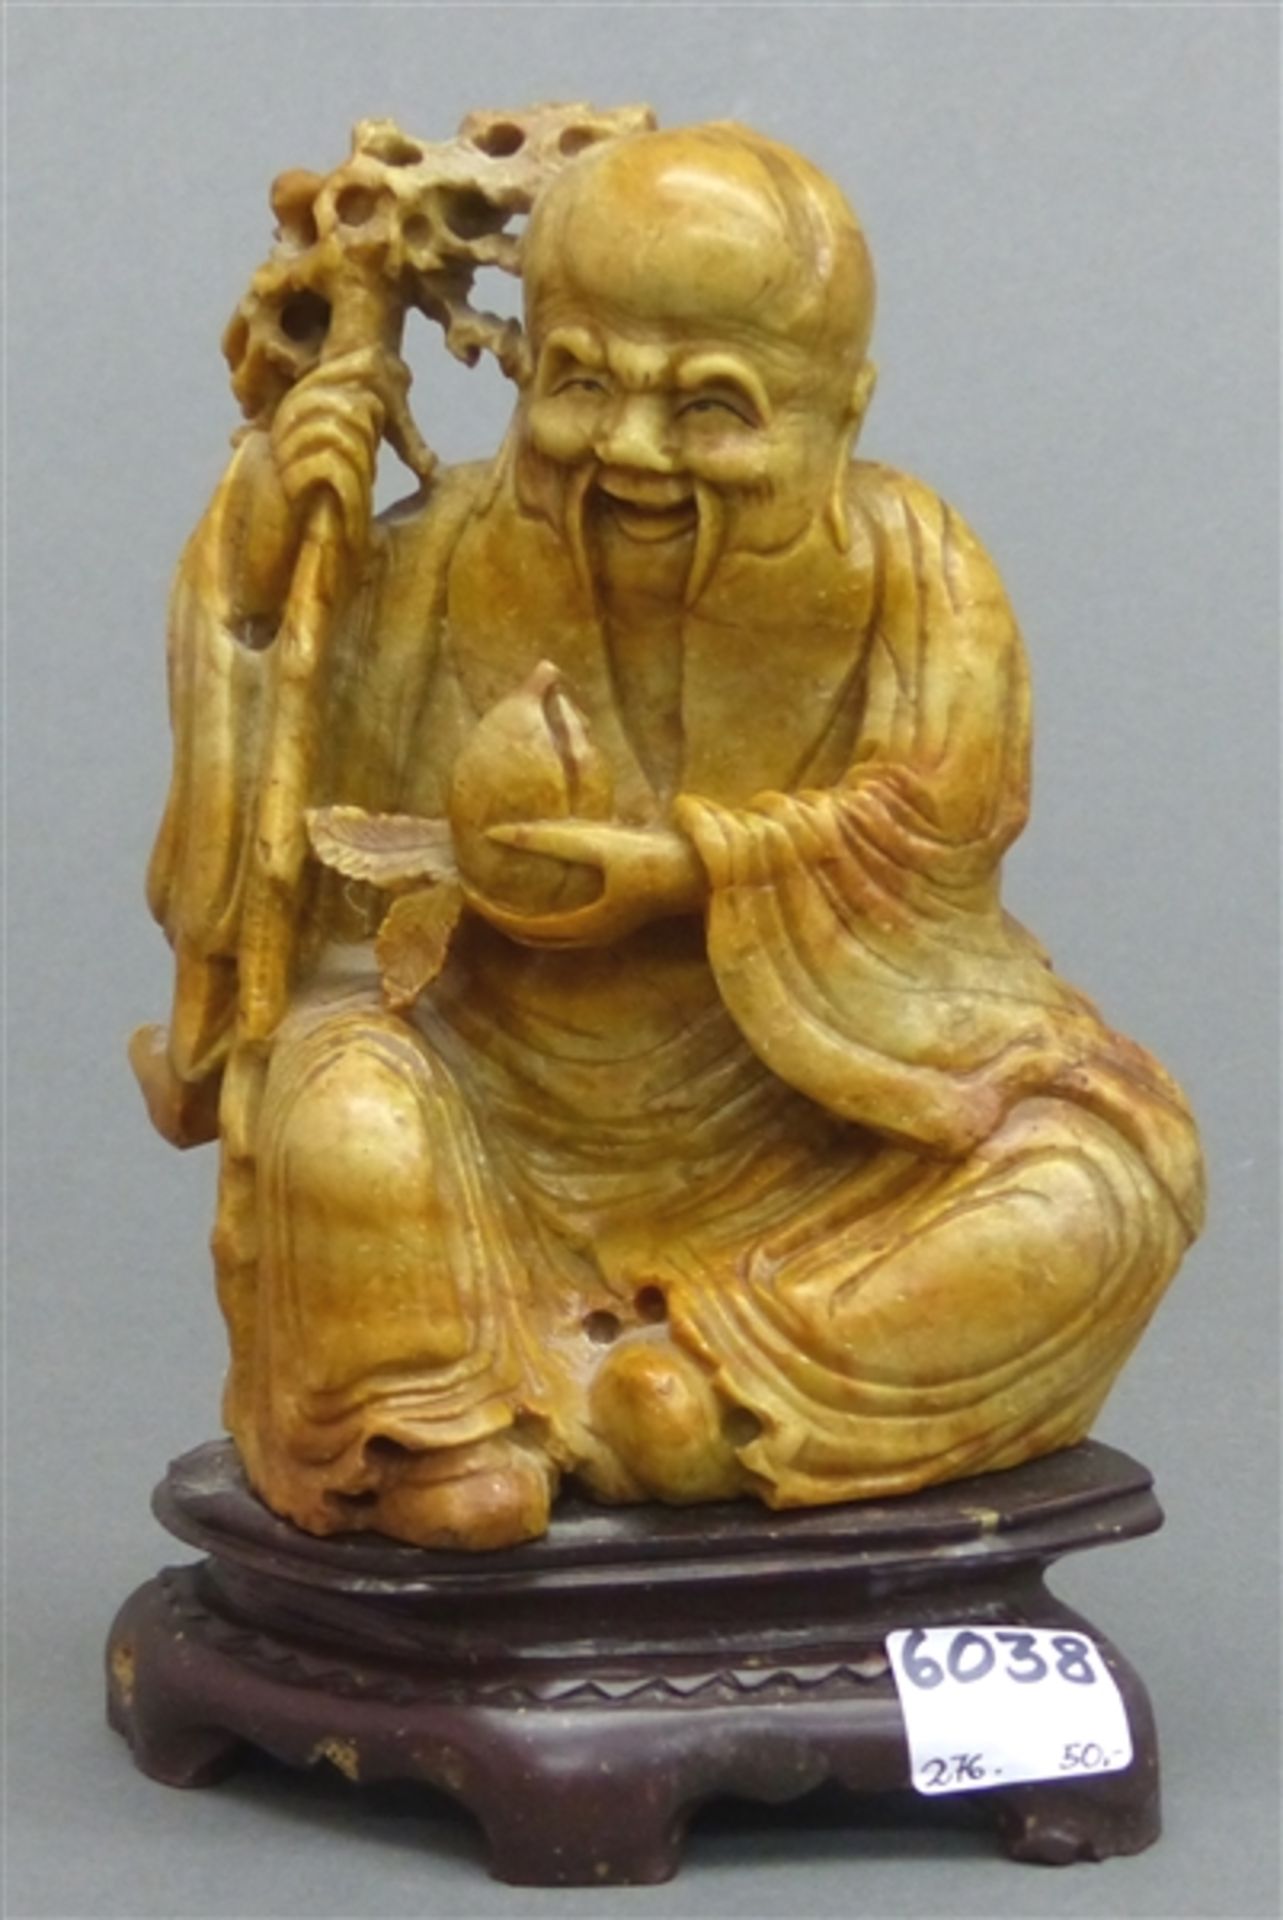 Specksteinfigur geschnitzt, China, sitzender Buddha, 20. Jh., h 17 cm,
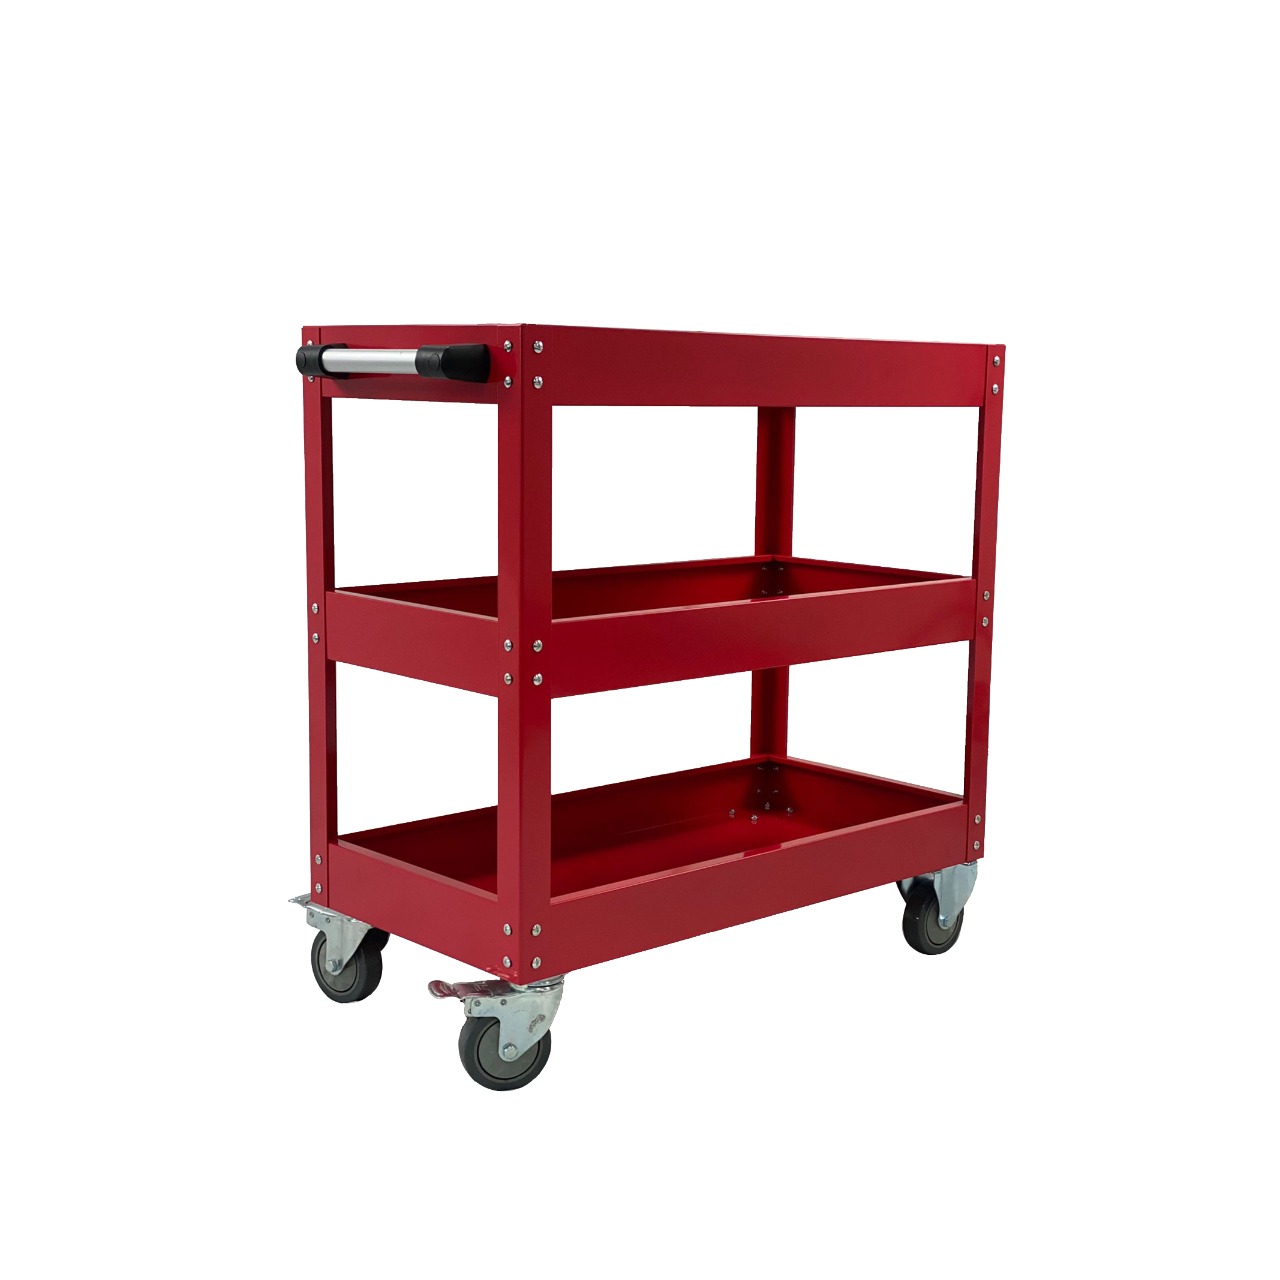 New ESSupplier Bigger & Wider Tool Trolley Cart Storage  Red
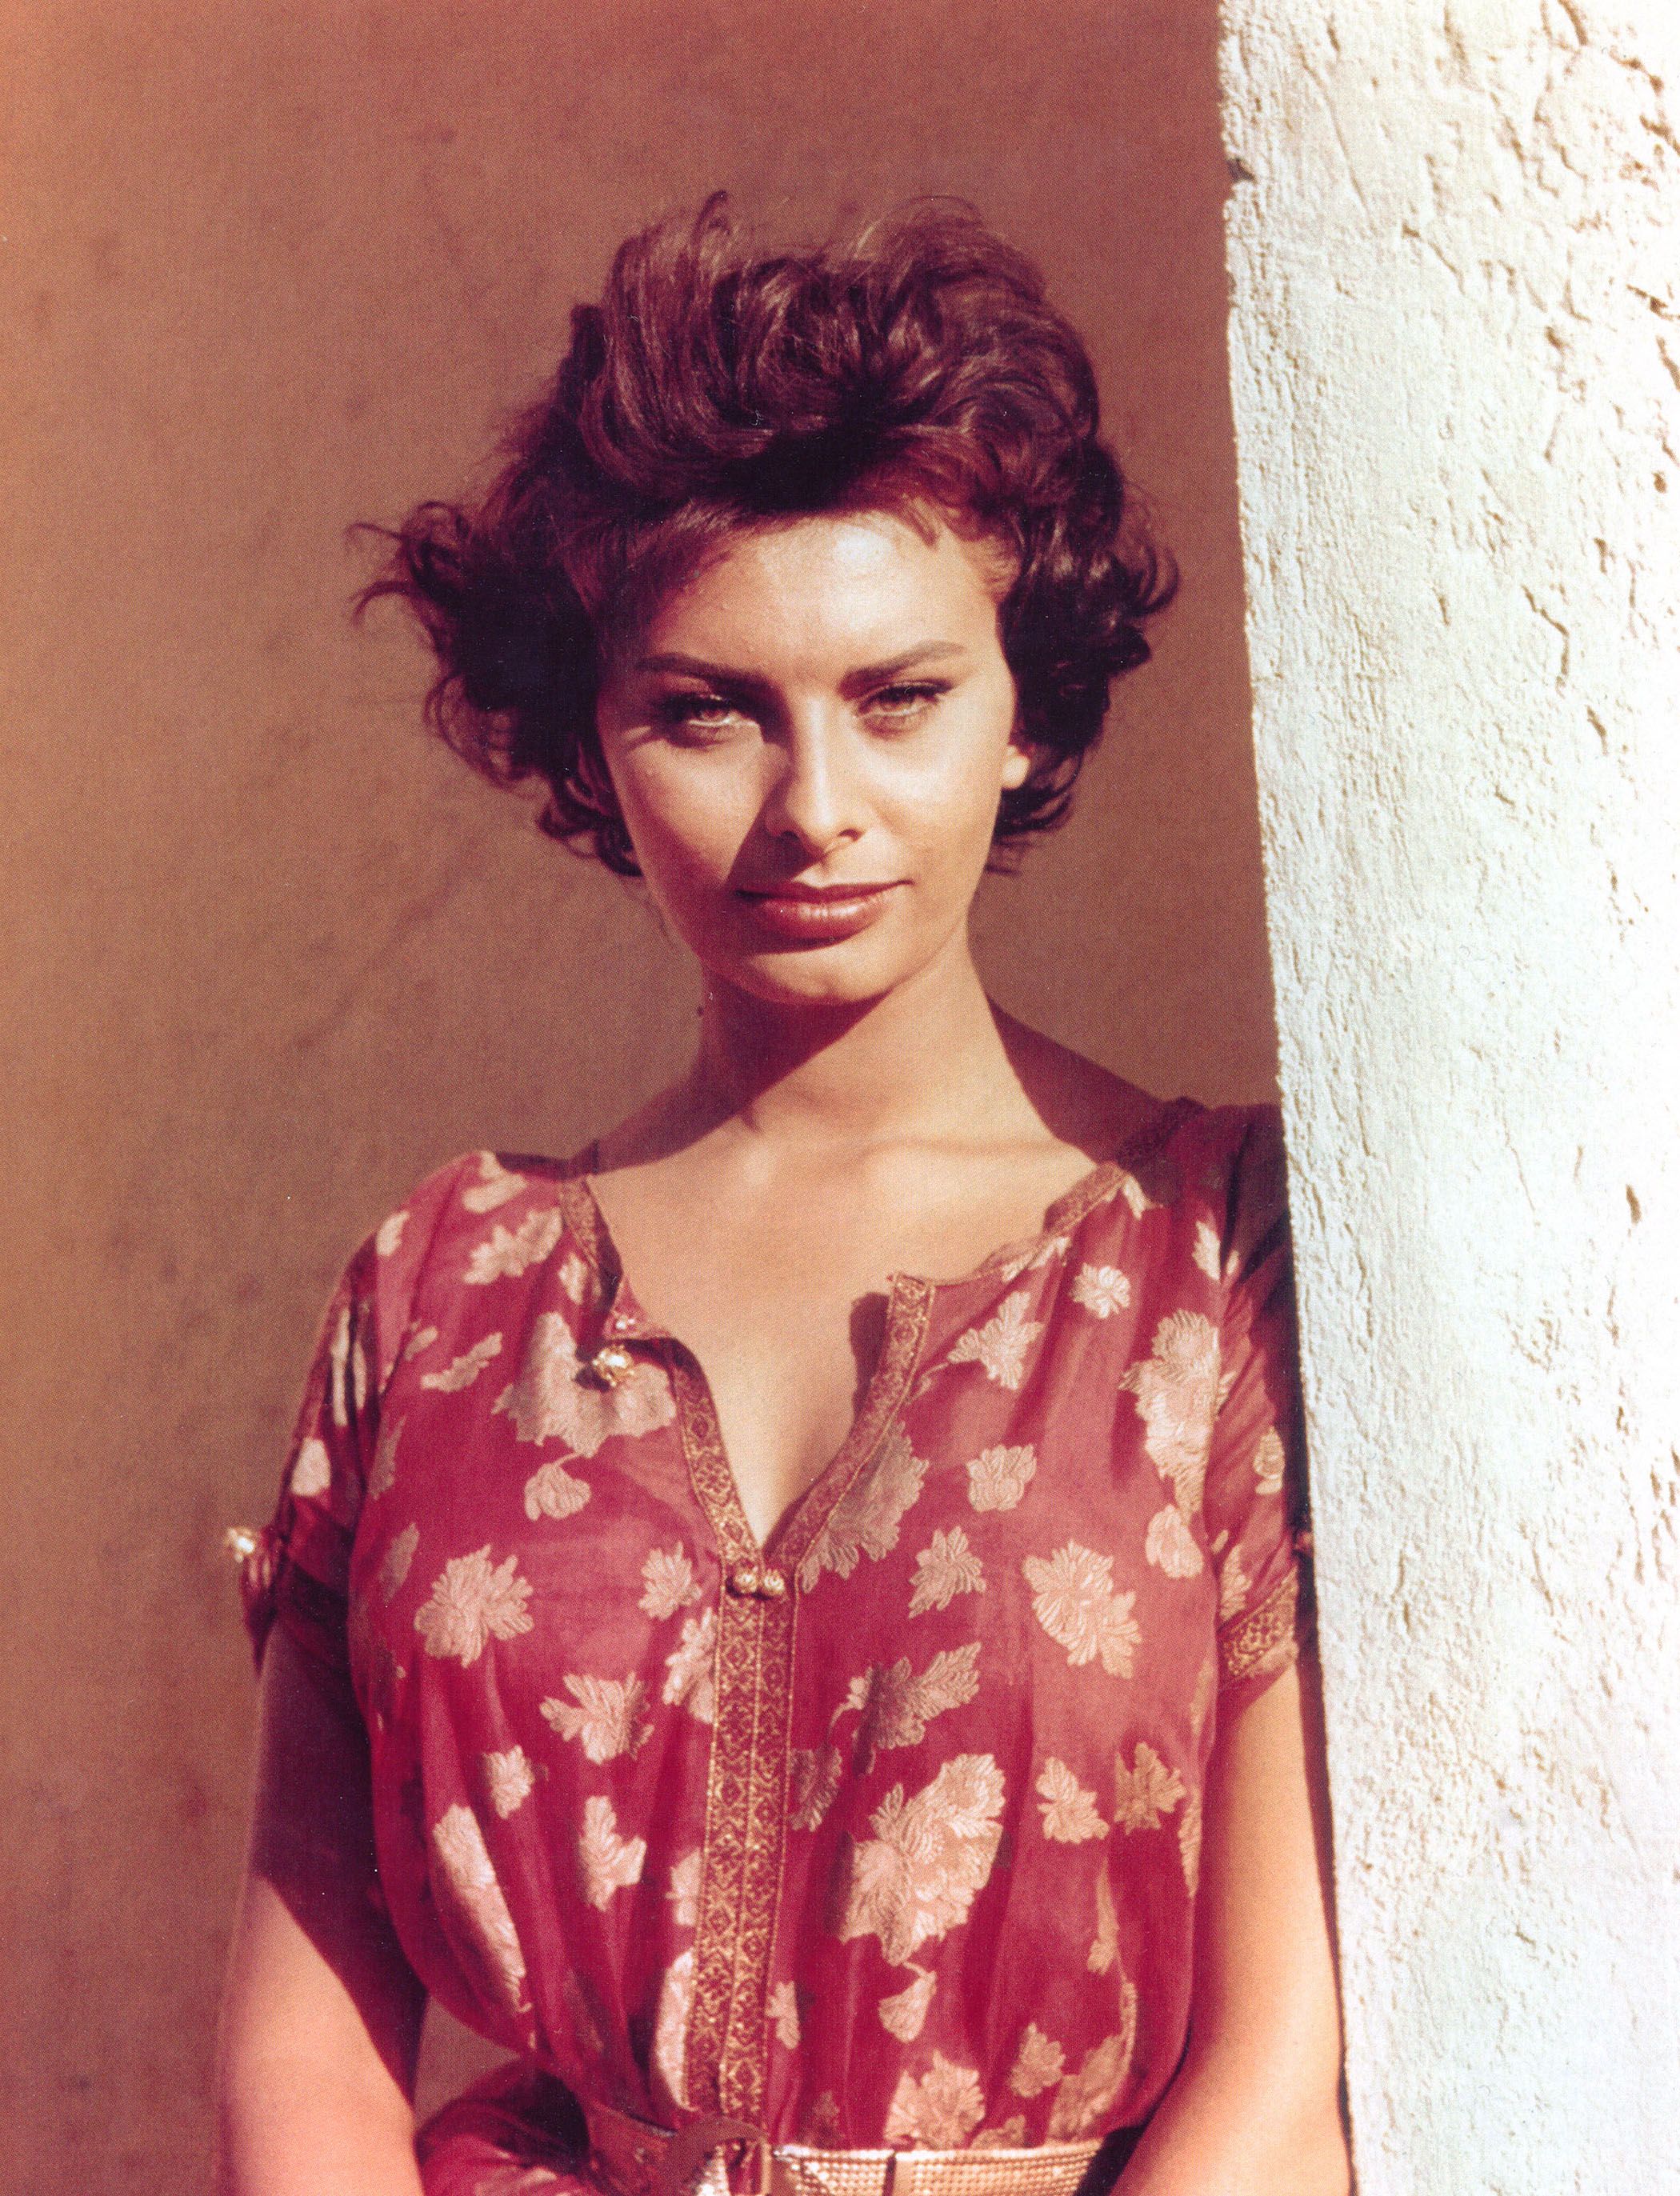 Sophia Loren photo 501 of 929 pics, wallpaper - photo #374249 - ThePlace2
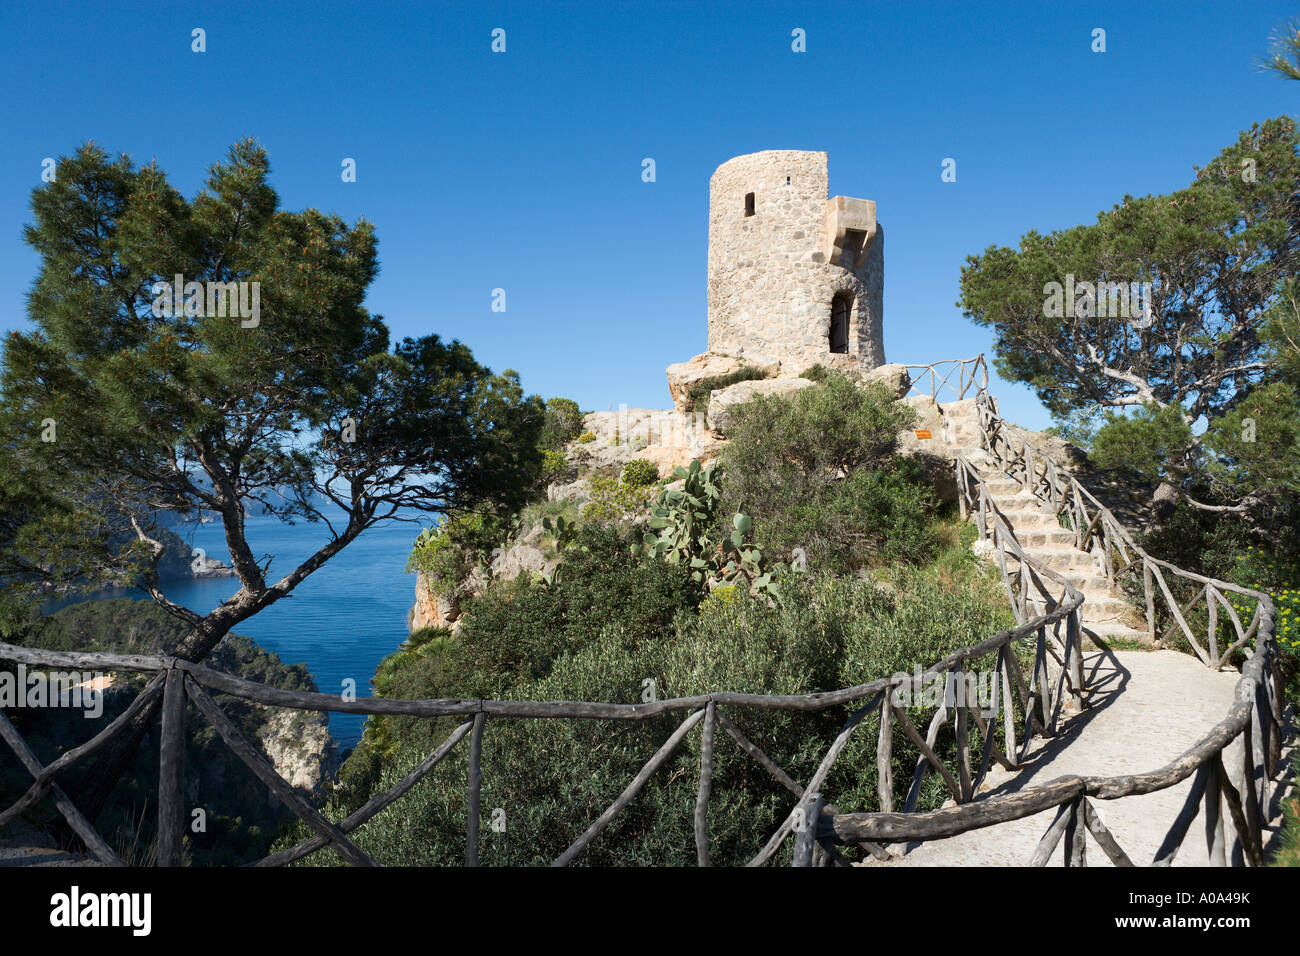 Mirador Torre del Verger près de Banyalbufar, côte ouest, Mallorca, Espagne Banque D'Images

__Assignment__
Return the material exactly as given, apart from the pictures.

__Response for this exercise__
 Specksteinfigur geschnitzt, China, sitzender Buddha, 20. Jh., h 17 cm,
 New ESSupplier Bigger & Wider Tool Trolley Cart Storage  Red
 Sophia Loren photo 501 of 929 pics, wallpaper - photo #374249 - ThePlace2
 Mirador Torre del Verger près de Banyalbufar, côte ouest, Mallorca, Espagne Banque D'Images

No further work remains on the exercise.